Gravity is a common feature of life on Earth that all living creatures experience on a daily basis. Yet it is subtle enough that, for the most part, it goes unnoticed.

That is, until we drop an egg, spill our coffee, or an expensive vase falls off a shelf in our homes, reminding us that even the weakest of the four fundamental interactions known to physics, while hidden in plain sight, still exerts a significant influence on everything around us.

Some 10^{29} times weaker than the appropriately named weak force, which governs the radioactive decay of atoms, gravity is so subtle that it has virtually no effect at the subatomic level. Yet at the scale where interactions between objects are observable to us, gravity is the force that literally commands the motions of planets, as well as that of stars and galaxies. Even light, which universal laws govern to be the fastest thing in existence, cannot escape the influence of gravity.

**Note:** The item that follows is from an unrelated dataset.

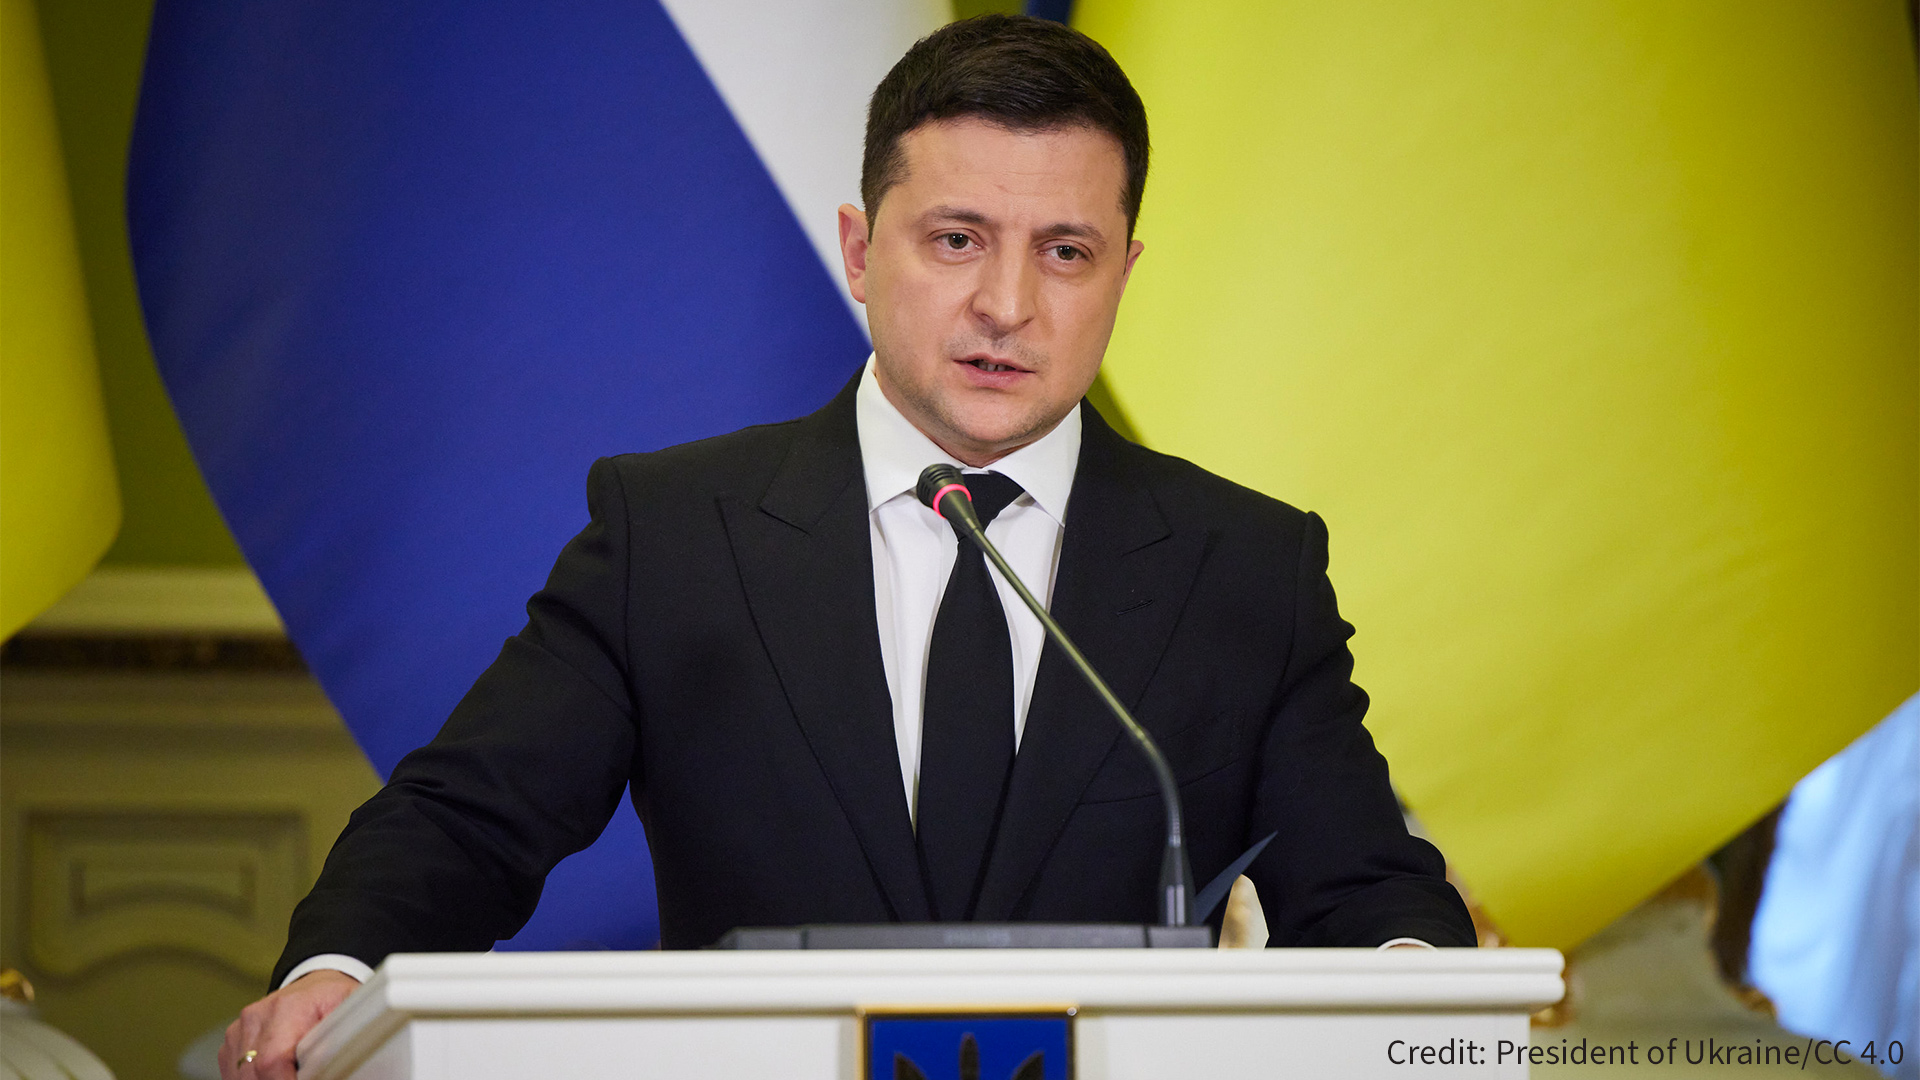 President Volodymyr Zelensky met with the Prime Minister of the Netherlands Mark Rutte, in the Mariinskyi Palace, Kyiv on February 2, 2022.

Despite its ubiquity, gravity also remains one of the great mysteries of modern physics. While there remains no complete or perfect theory as to how gravity works, the best description of it remains the one Einstein gave us in 1915 with the publication of his general theory of relativity. To Einstein, gravity can be thought of not so much as a force acting on objects, but instead as a way to observe the curvature of spacetime itself that results from variances in the distribution of mass throughout the universe.

For example, a large solar body will curve spacetime around it such that a smaller planet will be drawn into orbit around it. In a similar fashion, even smaller objects will also be attracted to the gravitational influence of that planet, and may thereby enter an orbit around it, becoming a moon.

Today, physicists continue to work toward expanding on Einstein’s fundamental ideas to resolve the question of gravity in a way that also works harmoniously with our knowledge of quantum mechanics. A quantum gravity theory, in essence, would be significant to scientists because it would not only unite our macroscopic and subatomic perspectives of reality, but would also potentially allow gravity to be incorporated mathematically along with the other three fundamental interactions into a long-sought “theory of everything” the likes of which physicists currently aspire to formulate.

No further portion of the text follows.